Financial Fact: What Is the Consumer Price Index and Why Is It Important?
You may have heard the term Consumer Price Index or CPI bandied about on the financial news or by economists – especially with inflation on everyone’s mind. The Consumer Price Index (CPI) is a data point measuring the average change over a certain period of time in what consumers pay for housing, goods and services. Simply put, it reflects consumers’ purchasing power. The index is available for the United States as a whole and is also broken down into various geographical areas.
Note that it only covers 93 percent1 of the US and is not a source of reliable information for rural parts of the country. Regions are broken down as follows: West, Midwest, South and Northeast. It is further broken down to nine smaller regions:
- New England
- Mid-Atlantic
- East North Central
- West North Central
- East South Central
- West South Central
- Mountain and Pacific
There is also a CPI for each individual state in the US.
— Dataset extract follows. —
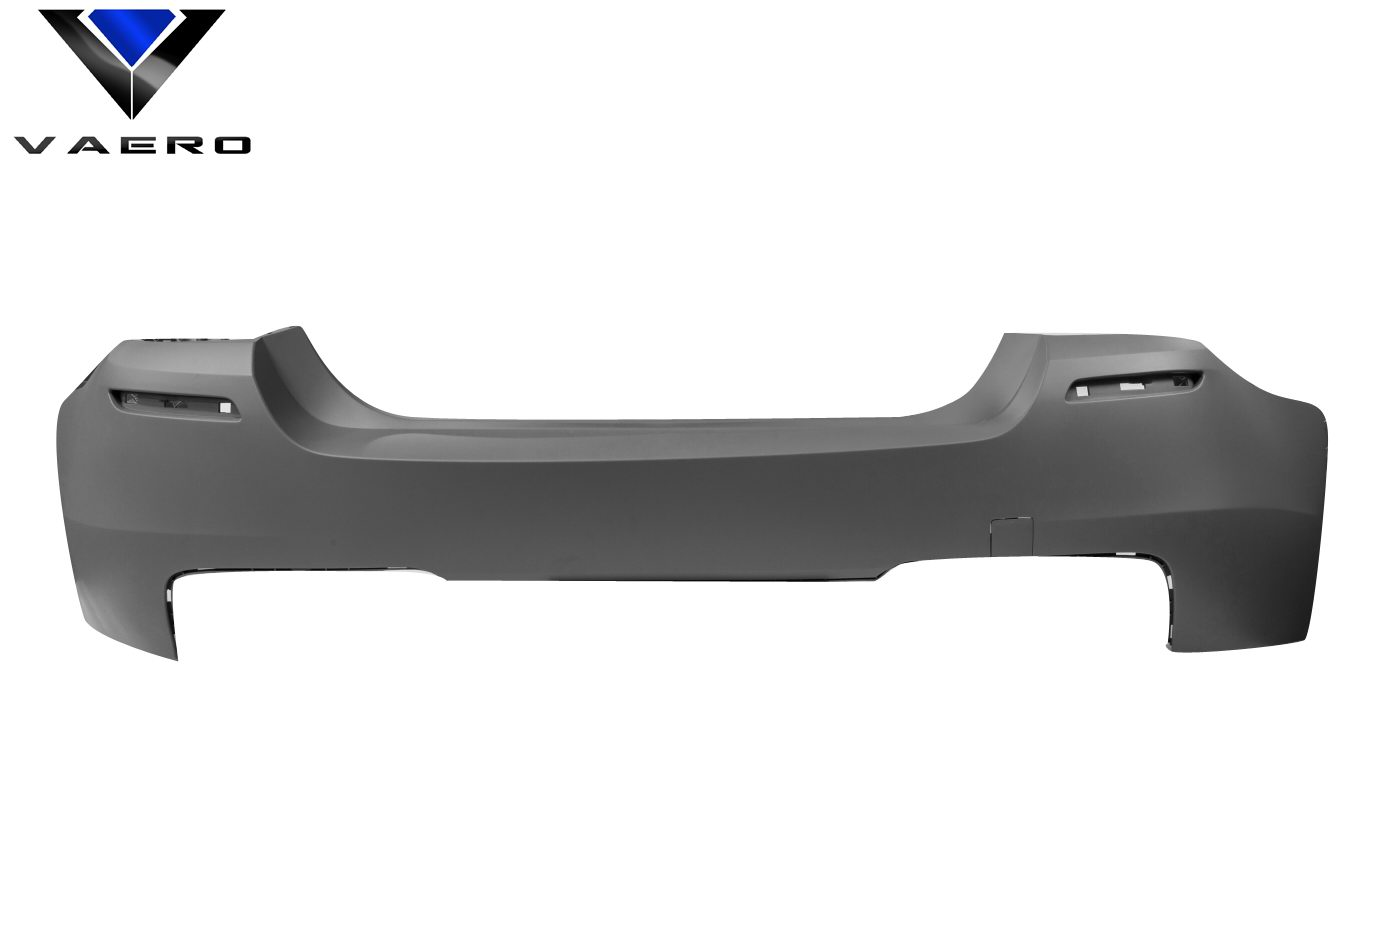 2016 BMW 5 Series 4DR - Polypropylene Rear Bumper Bodykit - BMW 5 Series F10 4DR Vaero M5 Look Rear Bumper Cover ( without PDC ) - 1 Piece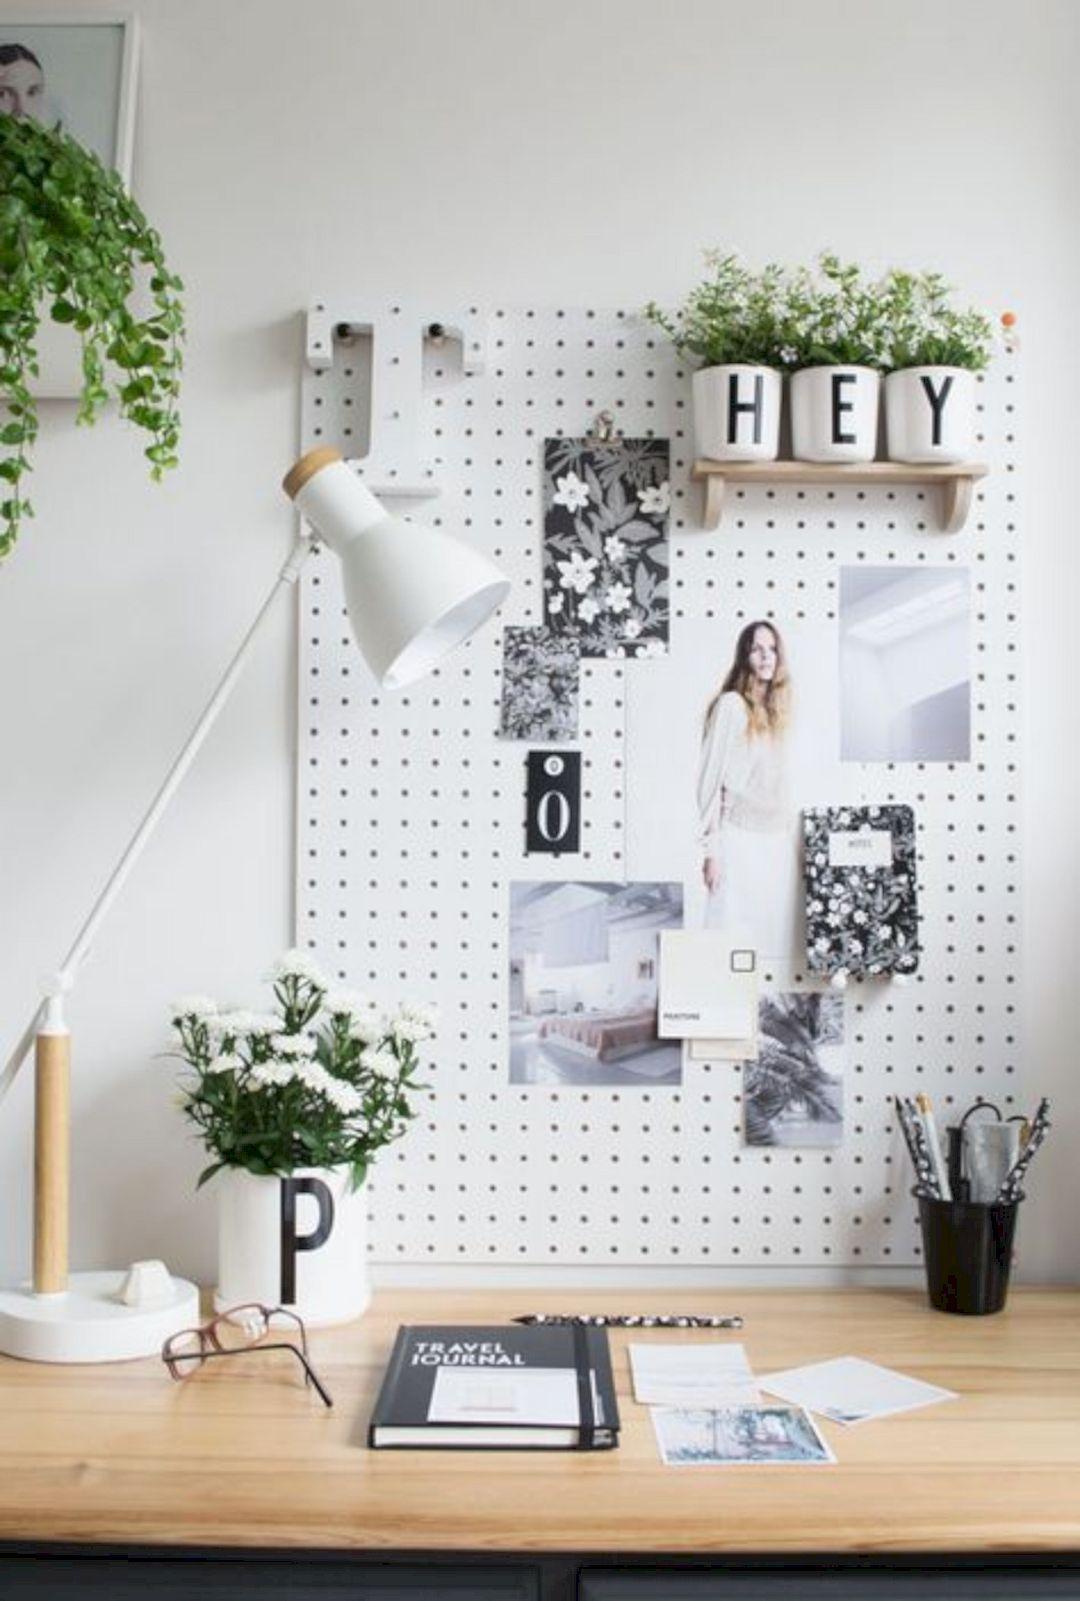 Fullsize Of Office Wall Decor

The CPI number is based on approximately 80,000 price quotes of goods and services from 23,000 different places along with 50,000 rental properties. It doesn’t include spending by the military, farms, or institutions. This number is known as the CPI for all Urban Consumers (CPI-U).2
There is a second CPI known as CPI for Urban Wage Earners and Clerical Workers (CPI-W), representing approximately 29%3 of the population in households with most of their income coming from clerical jobs or hourly wage positions. However, the CPI-U is most often used.
Since it shows changes in a consumer’s purchasing power, CPI is used to make economic decisions. Reported monthly, financial markets, policymakers, businesses and consumers keep their eye on how the number changes because it is an indication of both inflation and deflation. Deflation occurs when the prices of goods and services decrease across the entire economy, increasing the purchasing power of consumers. The Federal Reserve makes certain decisions based on the CPI and the financial markets react to their decisions. CPI impacts economic growth, corporate profits and consumer spending. Depending on the economic conditions, the Fed may stimulate or slow down the economy by adjusting interest rates using CPI as a major factor in their decision-making.
Cost of living adjustments, child support, pensions, social security, income tax brackets and income eligibility levels for government assistance are also based on CPI.